La preocupación vecinal volvió a ganar las calles a partir de recrudecimiento que definen “como ola de inseguridad que se da casi cada 48 hs.” Esto sucede una zona que supo estar caldeada por entraderas y arrebatos callejeros: O’Higgins del 3400 al 3600. Tema sobre el cual Lo Nuestro cubrió de manera reiterada en años anteriores. Aquella realidad que parecía haber ingresad en un cono de letargo, está regresando, llamativamente, en un añoo electoral, tal cual lo indican no pocos vecino.


Sucede que el Barrio La Loma, de él se trata, en ciertos momentos cuando la prevención del delito y la presencia policial -provincial como municipal-, no tienen la contundencia que se reclama, el delito se dispara. Incapacidad, complicidad, limitaciones, vaya a saber cuál es la razón por la cual los muchachos de lo ajeno regresan al delito barrial poniendo en vilo a toda la comunidad.

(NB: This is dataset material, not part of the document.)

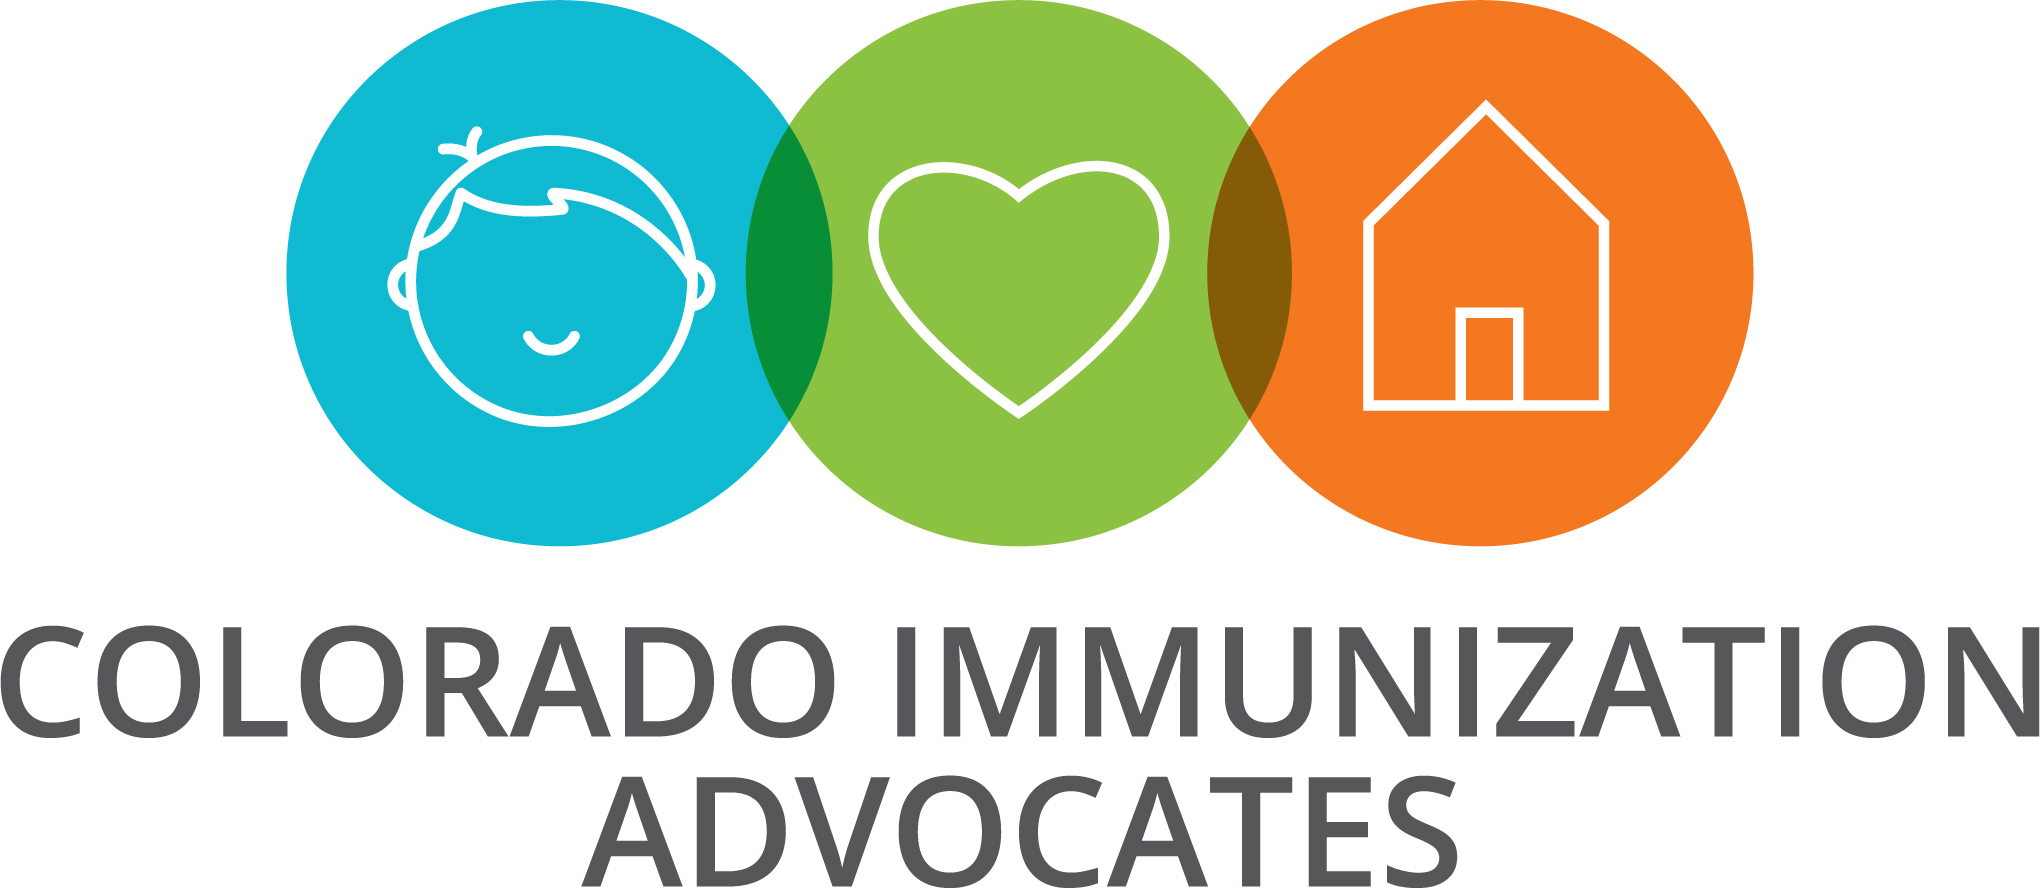 Colorado Immunization Advocates logo

“Las Cámaras del Centro del monitoreo están, pero no nos queda claro de qué modo están funcionando los operadores del Centro”, confía Adolfo quien fuera, días atrás, víctima de un robo en la calle


Mediante un escrito al cual tuvo acceso Lo Nuestro, los y las vecinas detallan que “desde el Centro de monitoreo, no nos dan prevención, cuando alguien pasa en actitud de merodeo, mirando dentro de los vehículos estacionados, probando si están las puertas cerradas de los mismos, no mandan ningún móvil, somos nosotros los vecinos que alertamos, desde la alarma, o con el llamado”.


Los vecinos explican que “nos insisten en las denuncias, hay una aplicación que permite hacerla desde el celular. La denuncia cae en una fiscalía, que las recibe y dice que va a investigar”, y agrega, un preocupado Andrés que junto a su mujer comenta que “si no hay individualización de o de las personas, qué puede investigar sobre un hecho como un arrebato callejero la investigación no avanza”.


Por otra parte, detallan que hay contacto con los efectivos de las patrullas, “ellos coinciden con la ubicación del origen de estos rateros, pero no les bajan instrucción para que hagan una vigilancia en ese lugar, porque “teóricamente” eso queda a cargo del Centro de Monitoreo”. Y, a modo de denuncia señalan que dentro de la red de venos que amamos como sistema de seguridad “indican que la calle O’Higgins es un corredor que circulan los delincuentes para después doblar en Acasusso”.


Como se observa, los hechos son tan contundentes como la ineficiencia a la hora de prevenir el delito. Cierto es que no existe el delito cero; en ninguna parte de planeta. Sin embargo, Argentina, y esto cuesta entenderlo cuando el dolor de ser víctima está a flor de piel, registra uno de los índices más bajos en delitos. Por caso, en la provincia de Buenos Aires se pasó, en estos últimos años, de 900 delitos a cerca de 720.Bajo. Alcanza, claro que no.


Seguramente otra sería la realidad si los y las responsables de la seguridad comunitaria reconocieran las limitaciones y escucharan más a la comunidad, al ciudadano de a pie que sabe y reconoce dónde están esos bolsones primarios del delito. Los otros, los que verdaderamente impulsan y llevan a miles a delinquir, nunca aparecen.